DATA_DIR /data Directory where the web app looks for reports. Set automatically in Docker.
SPOTIFY_CLIENT_ID Spotify app client ID. Enables Spotify embeds in the viewer and the Spotify source in New & Trending. Requires a Spotify Premium account to register a dev app (as of Feb 2026).
SPOTIFY_CLIENT_SECRET Spotify app client secret.
YOUTUBE_API_KEY YouTube Data API v3 key. Enables YouTube embeds in the viewer. Must have the Data API v3 enabled in Google Cloud Console (not the IFrame Player API).
SLSKD_URL Base URL of your SLSKD instance, e.g. https://slskd.yourdomain.com. Enables the SLSKD search button on every card.
SLSKD_API_KEY API key for SLSKD (set in appsettings.yml under web.authentication.api_keys). Preferred over username/password.
SLSKD_USER / SLSKD_PASS Fallback credentials if not using an API key.
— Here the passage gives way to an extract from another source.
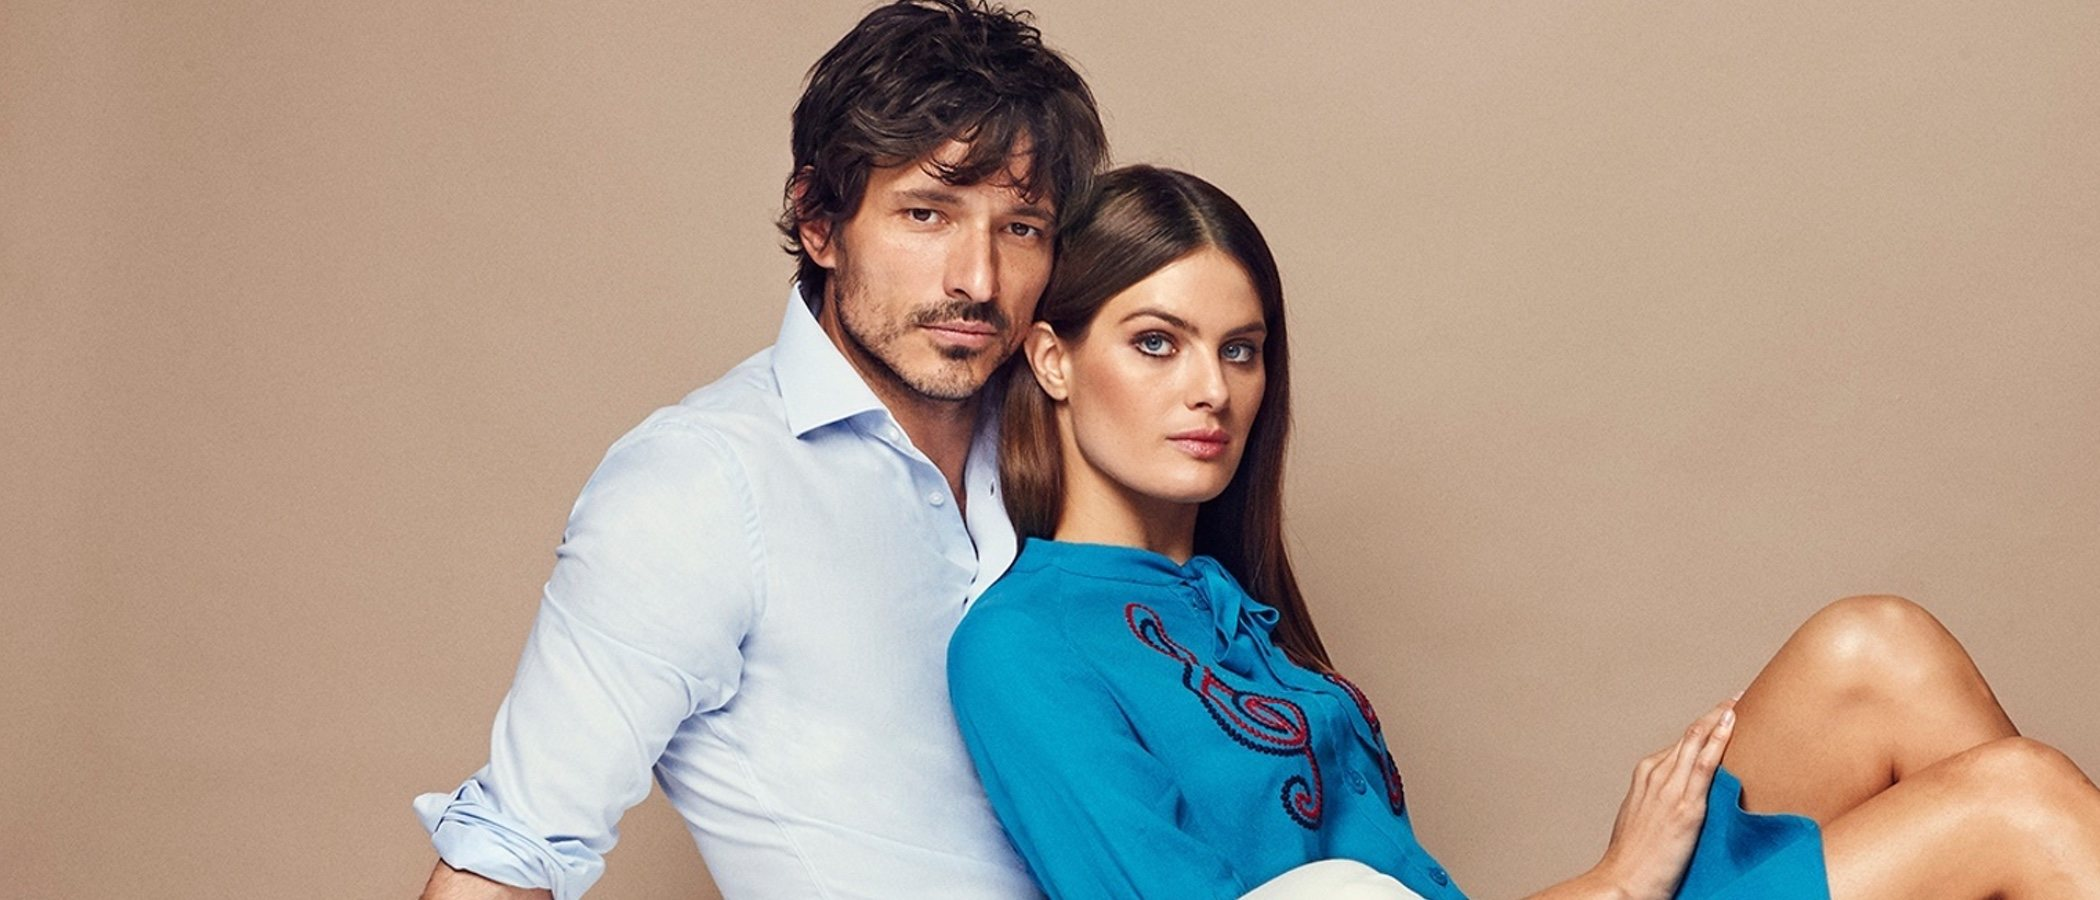 Isabeli Fontana y Andrés Velencoso, protagonistas de la nueva colección de Carmela Shoes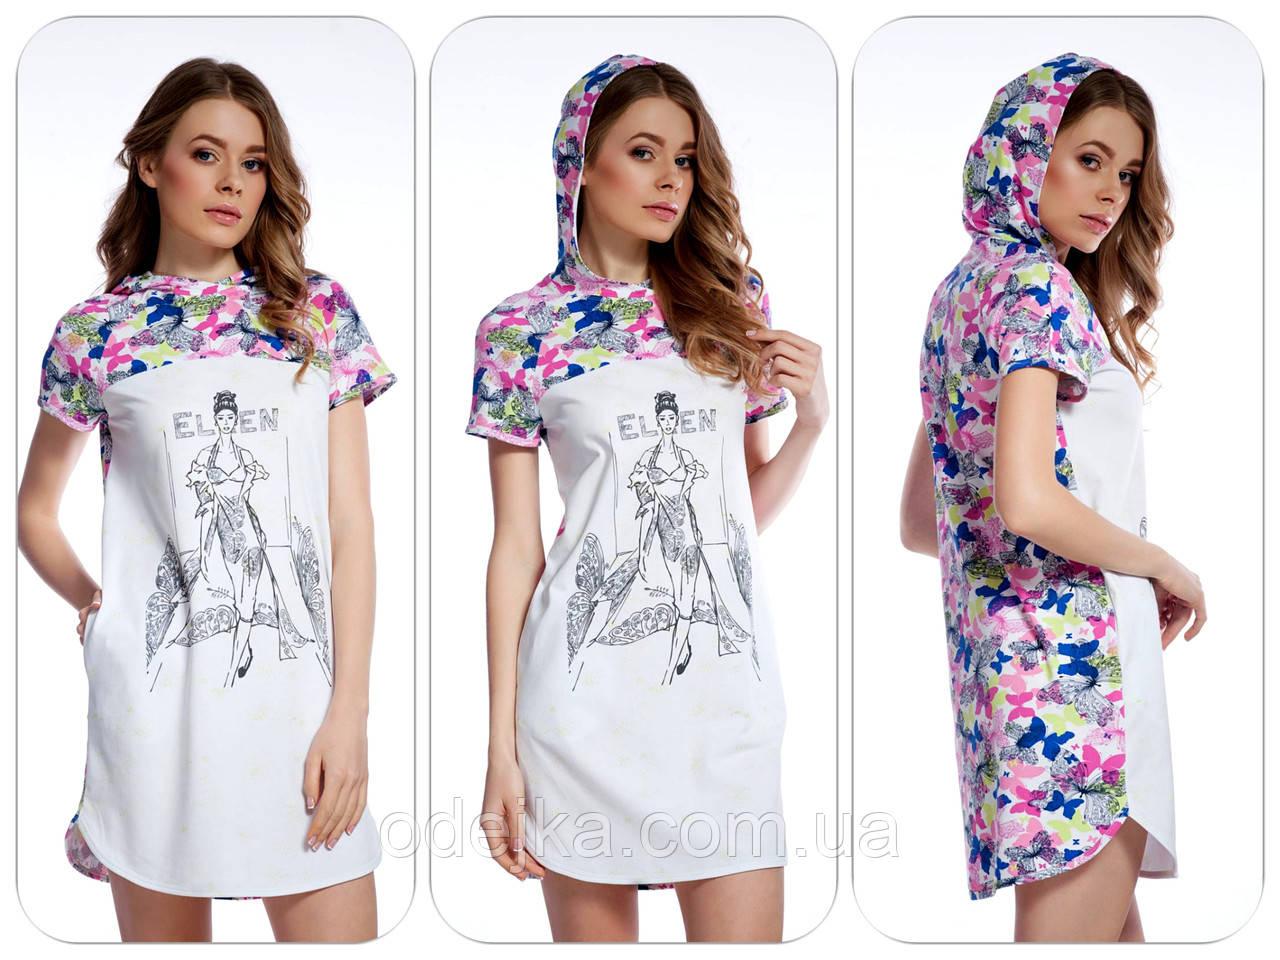 Оригінальне стильне плаття-туніка LND 027/001 з метеликами ELLEN .

Note: TRENDING_FEEDS from v1.2.x is replaced by DISCOVERY_FEEDS in v1.3.0. The variable name changed; the format (comma-separated source names) is the same.


CLI flags

Both scripts share these flags:

Flag Purpose
--no-cache Ignore cached Last.fm data and re-fetch everything. Still writes fresh cache after the run.
--limit-artists N Process only the first N artists alphabetically. Useful for testing without a full run.
--workers N Number of concurrent Last.fm requests (1 to MAX_WORKERS).

missing_popular_albums.py also accepts:

Flag Purpose
--trace-artist "Name" Print Navidrome filesystem paths for every album by that artist, then exit. Requires Navidrome to be configured.

Web app dashboard

The Docker container runs a FastAPI app on port 8080. The dashboard has three job panels: Missing Popular Albums, Discover Similar Artists, and New & Trending. Each panel shows a status badge (idle, running, succeeded, failed), a Run Now button, the last run time, the next scheduled run if configured, and the exit code.

A Run All button at the top triggers all three jobs at once. It is disabled while any job is running.

A Clear Cache button deletes all output JSON files and Last.fm cache files, then confirms via a toast. dismissed.json and logs are not touched. Useful before a full re-run when you want to start from a clean slate.

When a job starts, the panel opens a live log area and streams script output line by line via SSE. Reloading mid-run replays the buffered log (up to 2000 lines) before the live stream resumes.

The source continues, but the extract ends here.